Here is the task for the listing below: output exactly the lines from the one containing "Stunning sunset on the Mesa" through the one containing "Affiche WWDC24, événement Apple, 10 juin.", and leave out the pictures.
[[ AVAILABLE RECORDS, beginning ]]
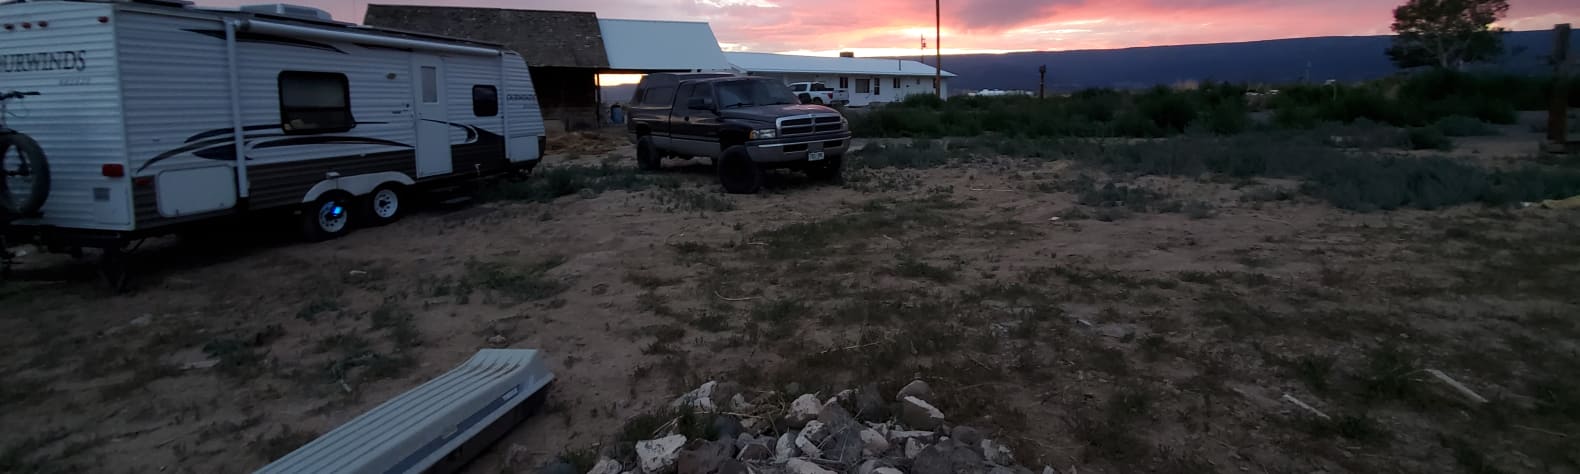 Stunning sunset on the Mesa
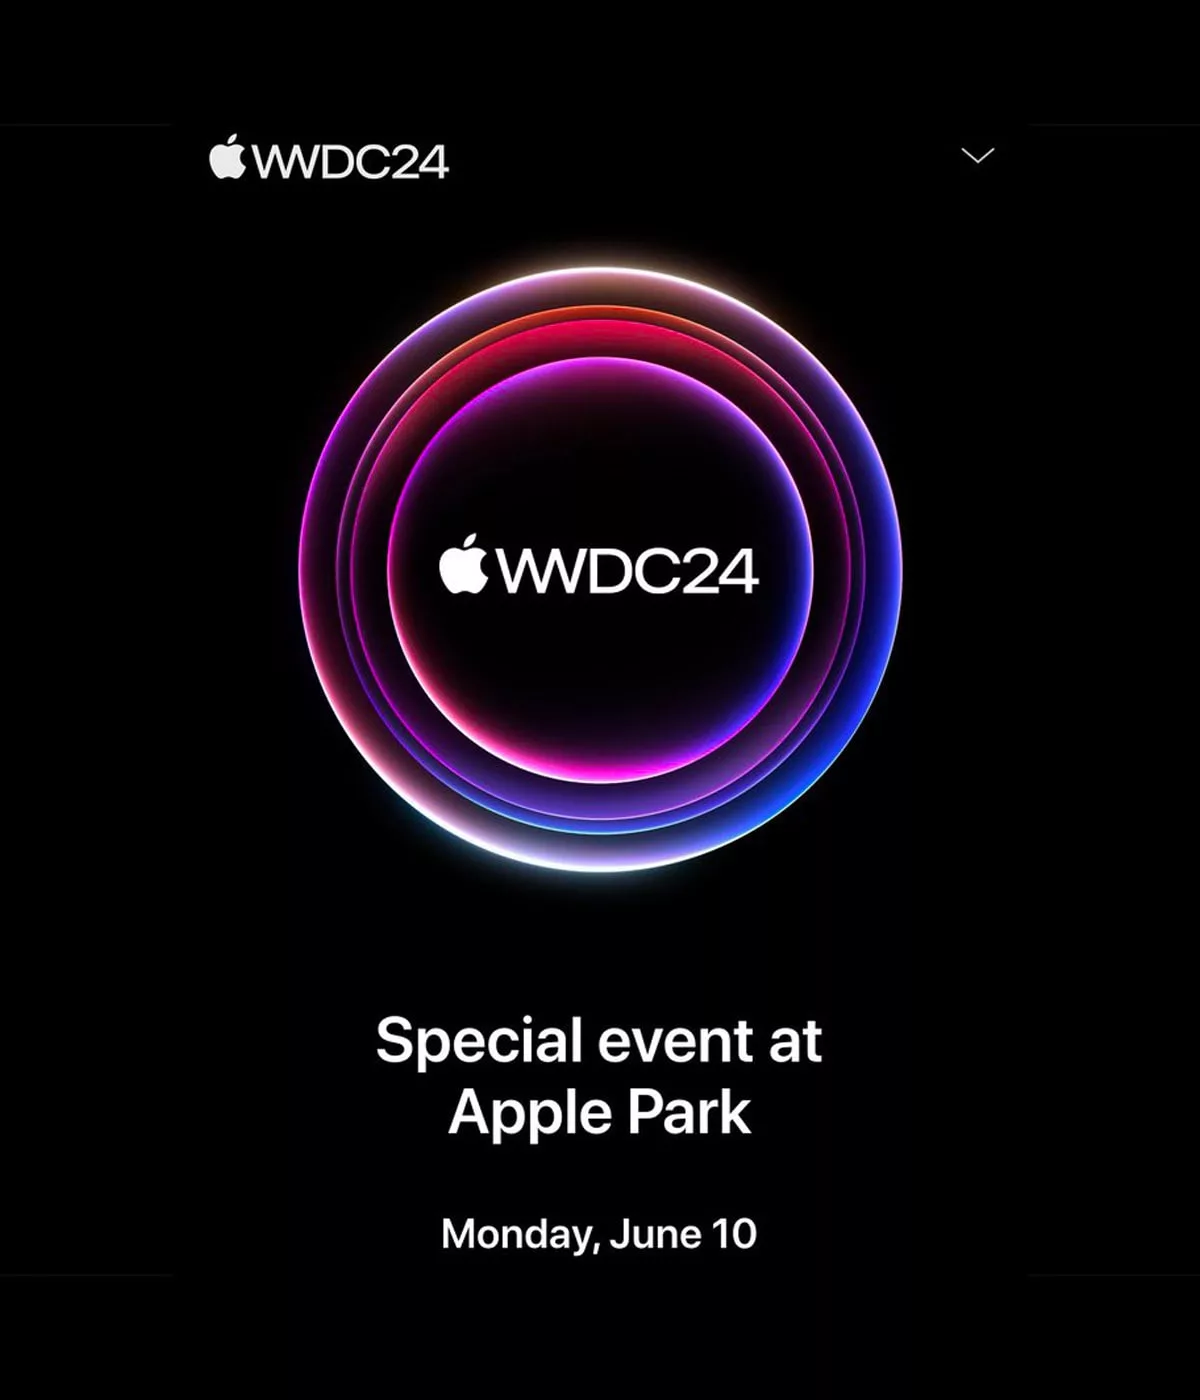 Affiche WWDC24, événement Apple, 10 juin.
[[ AVAILABLE RECORDS, end ]]
[[ AVAILABLE RECORDS, beginning ]]
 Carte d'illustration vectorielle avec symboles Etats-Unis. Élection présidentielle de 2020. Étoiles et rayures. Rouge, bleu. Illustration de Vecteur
[[ AVAILABLE RECORDS, end ]]
[[ AVAILABLE RECORDS, beginning ]]
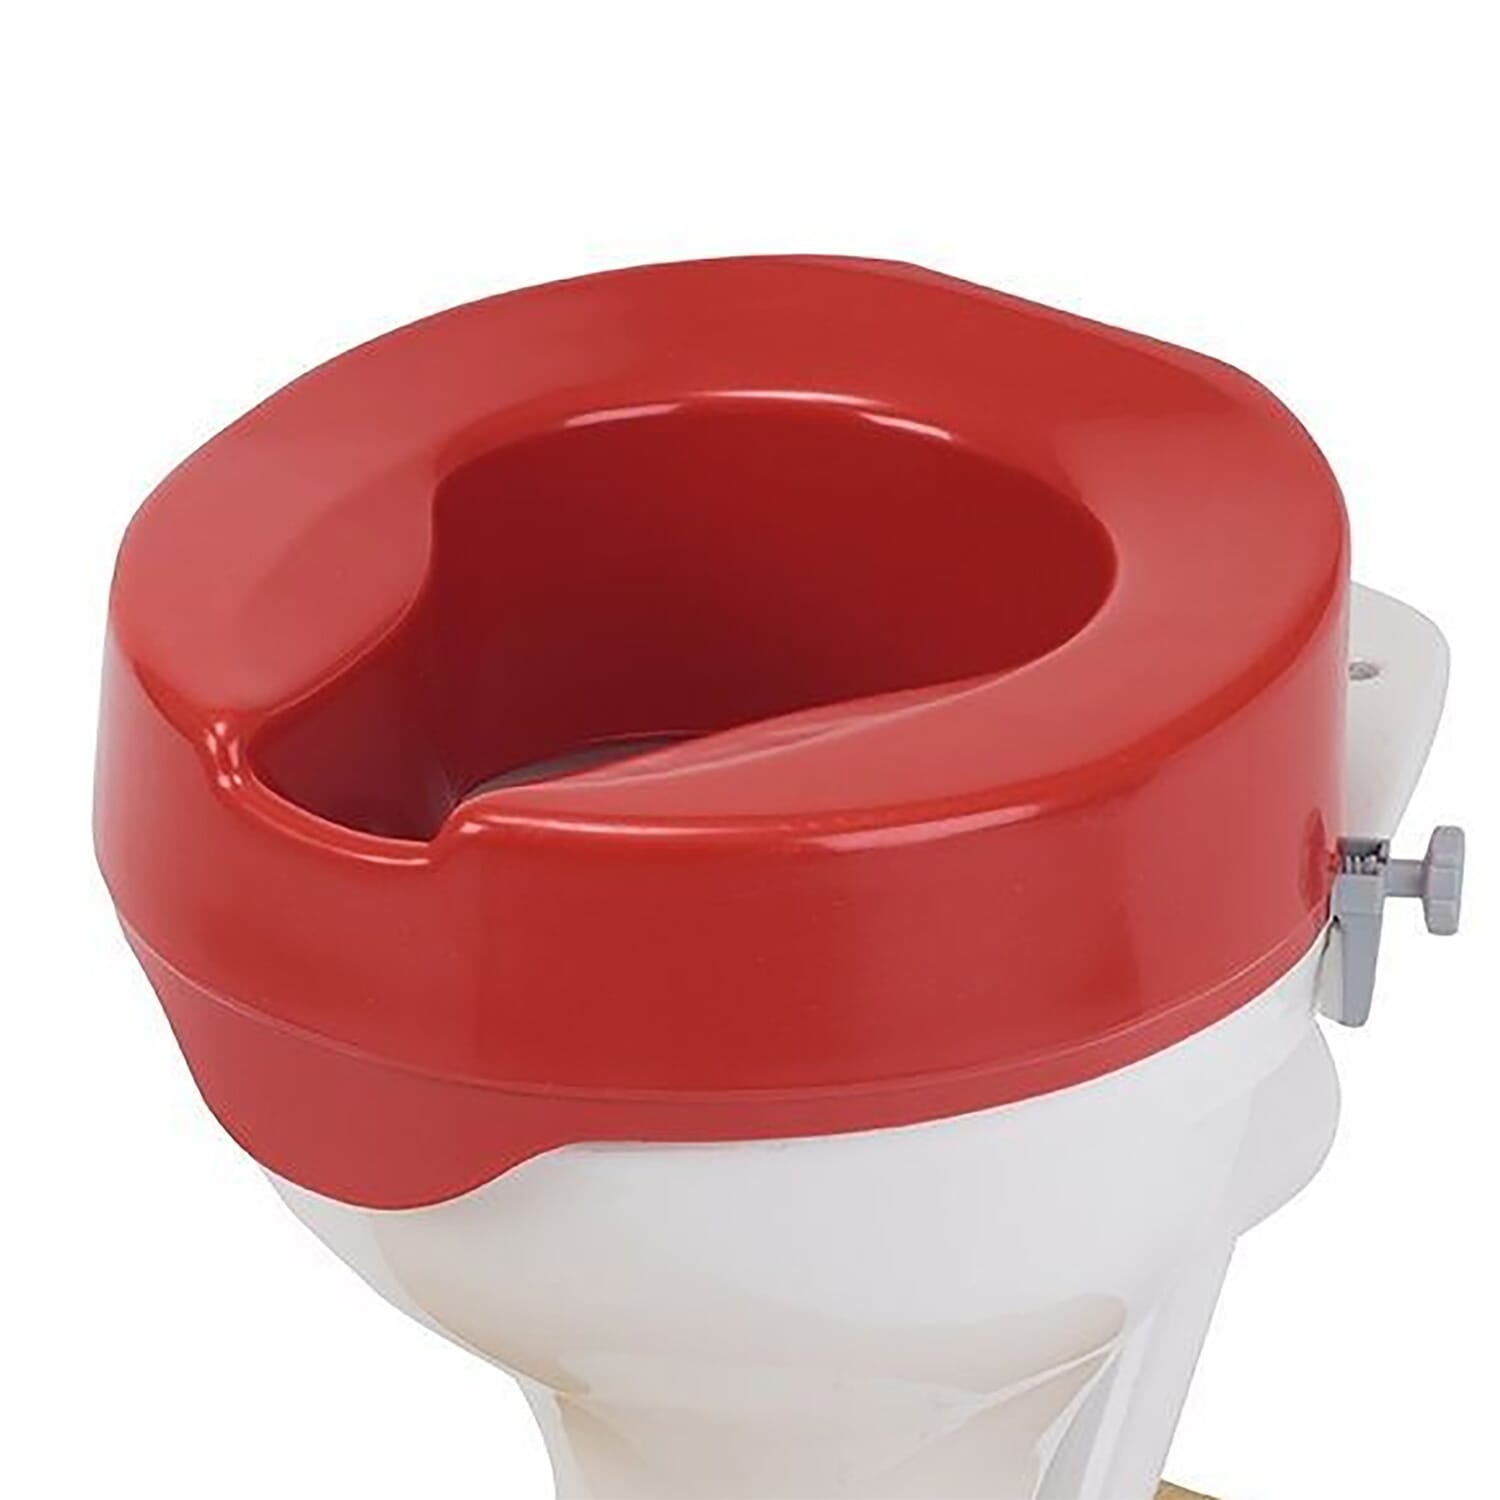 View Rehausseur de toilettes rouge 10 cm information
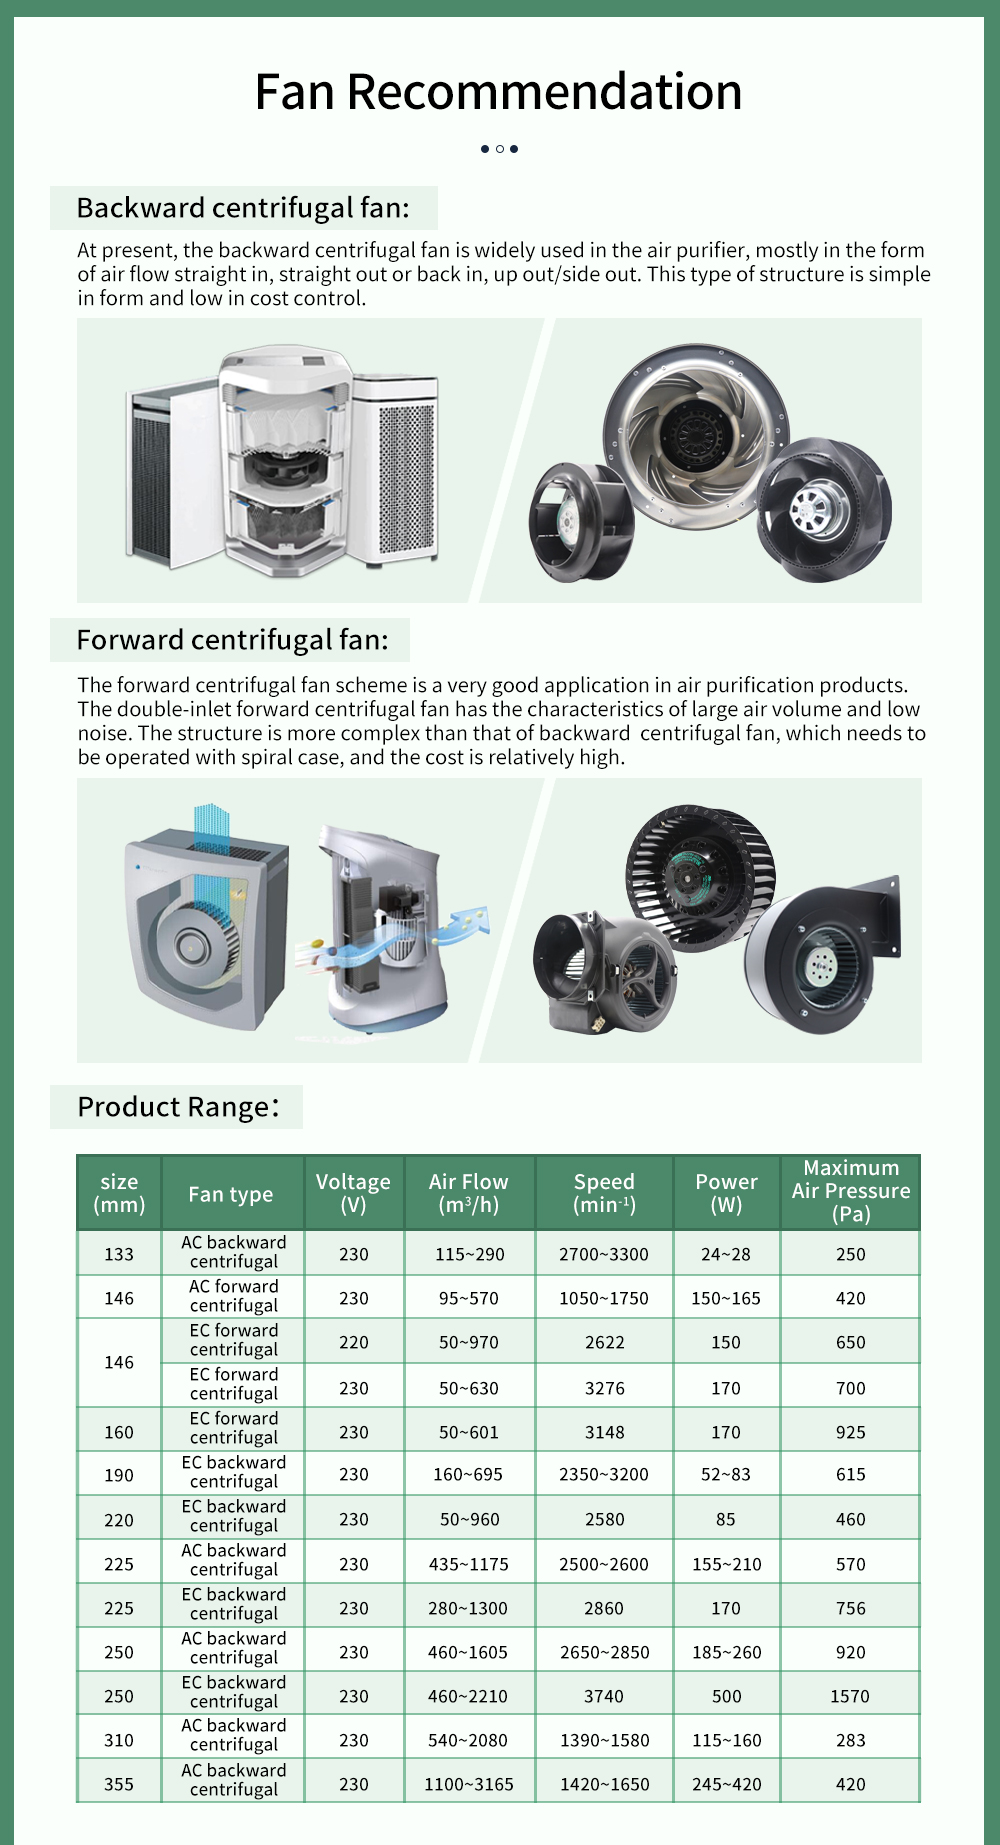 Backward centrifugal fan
[[ AVAILABLE RECORDS, end ]]
■ RESULT OF THE EXERCISE ■
 Stunning sunset on the Mesa
 Affiche WWDC24, événement Apple, 10 juin.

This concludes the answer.